The Problem with the Amino Acid Deficiency Theory

Inflammation is the cause of insulin resistance, which causes increased hunger and weight gain. Amino acids are deficient in chronic inflammation, and increasing amino acid consumption lowers inflammation. However, we are eating more amino acids, which come from proteins, than in earlier centuries. It seems amino acid deficiencies are occurring because the body is using up its supply of amino acids by trying to reduce chronic excess inflammation, not because we are not consuming enough of them. The problem seems to be that the modern diet increases inflammation in the body. While inflammation is a natural process, the chronic low level inflammation linked to obesity and many diseases is not. To lose weight and be healthy, we need to identify all the causes of that chronic inflammation and correct them.

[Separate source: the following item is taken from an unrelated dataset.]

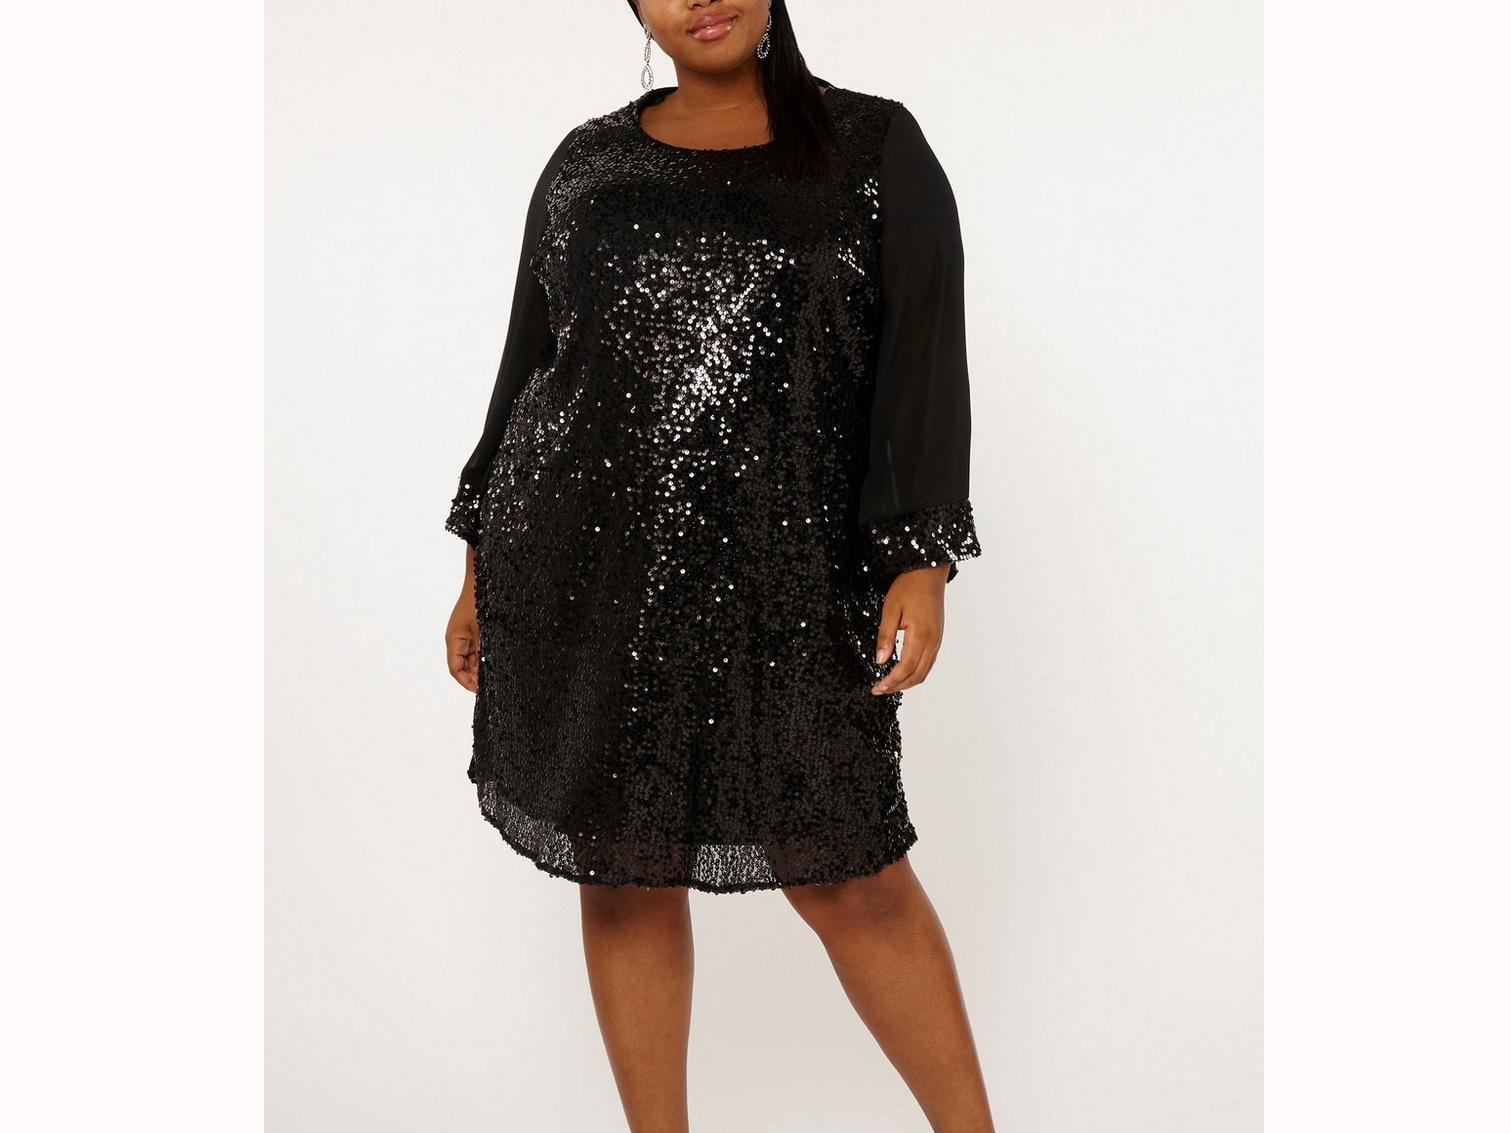 billie & blossom black sequin bodice fit and flare dress

For the last several thousand years, up to the twentieth century, the vast majority of our calories have come from whole grains. Unlike refined grains, whole grains contain all the amino acids essential in human nutrition. High consumption of whole grains instead of refined grains has been associated with weight loss, lower levels of inflammation, and lower rates of chronic disease. There were far lower rates of obesity and chronic disease in the United States before the twentieth century, during a time when we received over 80% of our calories from whole grains. However, during this time when whole grain consumption was greater there was a much higher rate of death from infectious disease. According to one theory, these early deaths masked the real cause of obesity in the modern diet.